Article Originally Published: November 2003
The information contained in this article is not intended to be legal advice. Readers should not act or rely on this information without consulting an attorney.
The Lease. You’ve seen it. We all have. You may even have one, or one of its innumerable variations, in your desk drawer right now.
Likely drafted sometime in Reagan’s first term, the identity of its author is one of history’s mysteries. Years of copying and recopying have resulted in a document whose print is now fuzzy, running across the page in a sort of cockeyed manner.
But, it is The Lease. The standard owner-operator contract.
And for many years it worked just fine. One of the reasons for this, of course, is that little attention was paid to The Lease. Sure, there were ICC regulations which talked about what the document should and should not contain. There was infrequent regulatory review, however, and even less actual enforcement, whether with respect to the content of
The Lease or actual compliance with its provisions.
Things started to change in 1996. The ICC, along with its laissez faire approach to the leasing regulations, was legislated out of its role in the industry, replaced by the FHWA and then the FMCSA. It was not the transfer of responsibility that worked the most notable change relative to The Lease, however. Rather, it was the inclusion of a provision in the ICC Termination Act establishing a private cause of action for persons alleging injury arising from a carrier’s alleged failure to comply with the Act and its implementing rules.
Since that time motor carriers have seen the growth of a cottage industry built on class action law suits on behalf of owner-operators against carriers alleged either to have used leases failing to meet the requirements of the so-called Truth-In-Leasing regulations or to have failed to have conducted the carrier/owner-operator relationship in a manner consistent with lease provisions facially complying with the regulations.
To date, such actions have targeted larger carriers, such as Swift, Prime, Heartland Express, Mayflower and, most recently, Allied. The reason for this is obvious. Litigation with these carriers is more likely to generate the “pot” attractive to class-action plaintiff counsel.
It would be ill advised, however, to find comfort in the notion that smaller carriers are not being currently targeted. As larger targets dwindle, targets of secondary opportunity are sure to come to the forefront.
Although “victories” are being reported by some carrier parties, as well as by owner-operator interests, it is important to note that these tend not to be total victories. Instead, they more often than not relate to procedural issues, such as statutes of limitation, failure to exhaust arbitration procedures, and like, rather than the more substantive issues raised in litigation.
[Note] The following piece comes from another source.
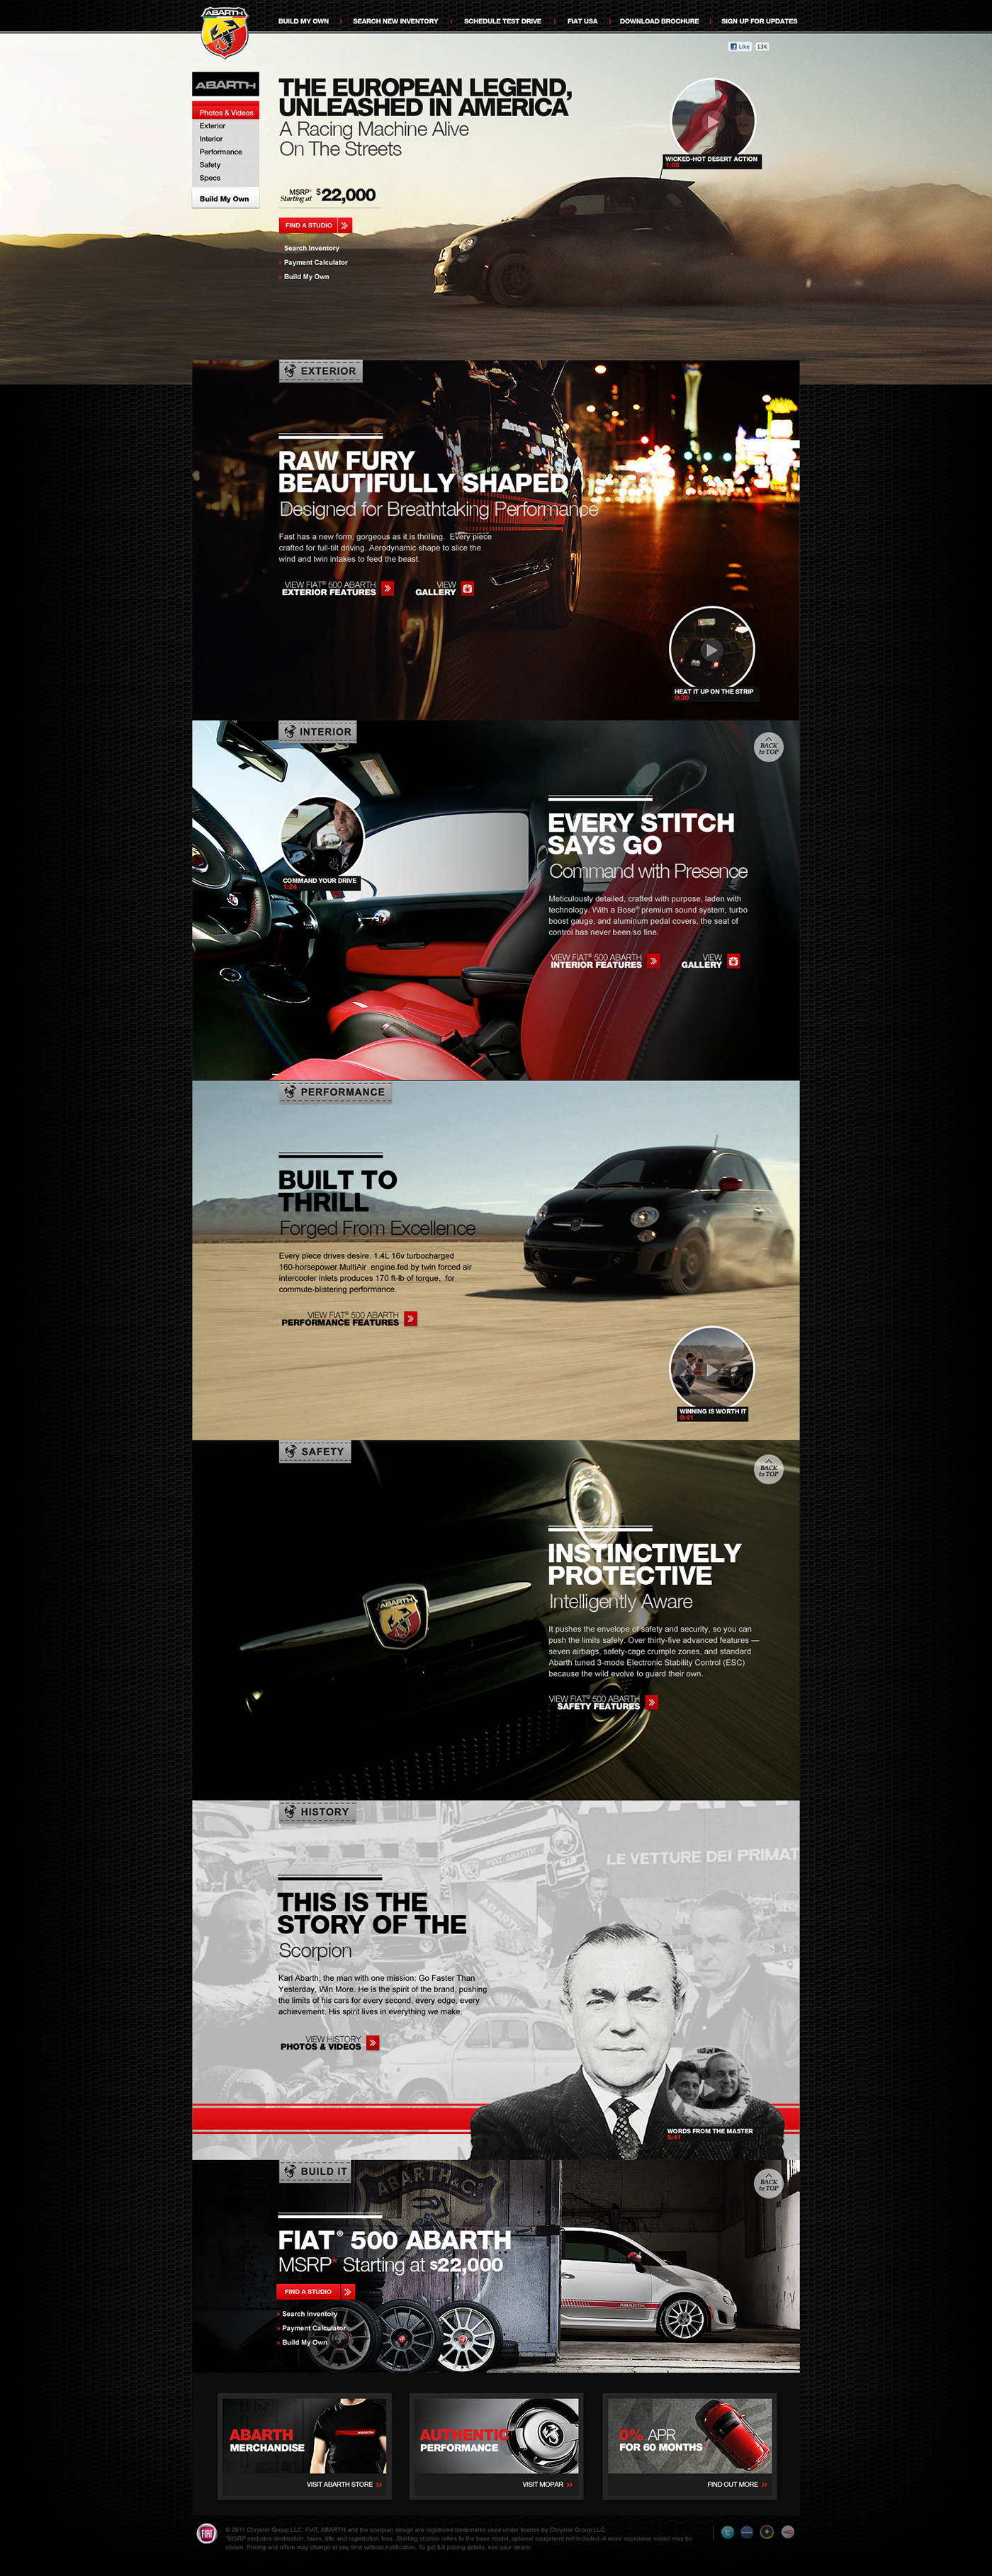 Fiat 500 Abarth Website Design on Behance

More important is the fact that the underlying, fundamental exposure of carriers to the private actions of owner-operators is now well recognized.
The bulk of the lease-related litigation currently revolves around “escrows” and owner-operator “charge-backs.” The leasing regulations cover a wider range of issues, however, and any one of them could serve as a possible litigation trap.
Because of this, it is advisable for all carriers now leasing equipment and drivers to undertake a review of their lease documents and practices. It may very well be time to update, or maybe even replace, The Lease.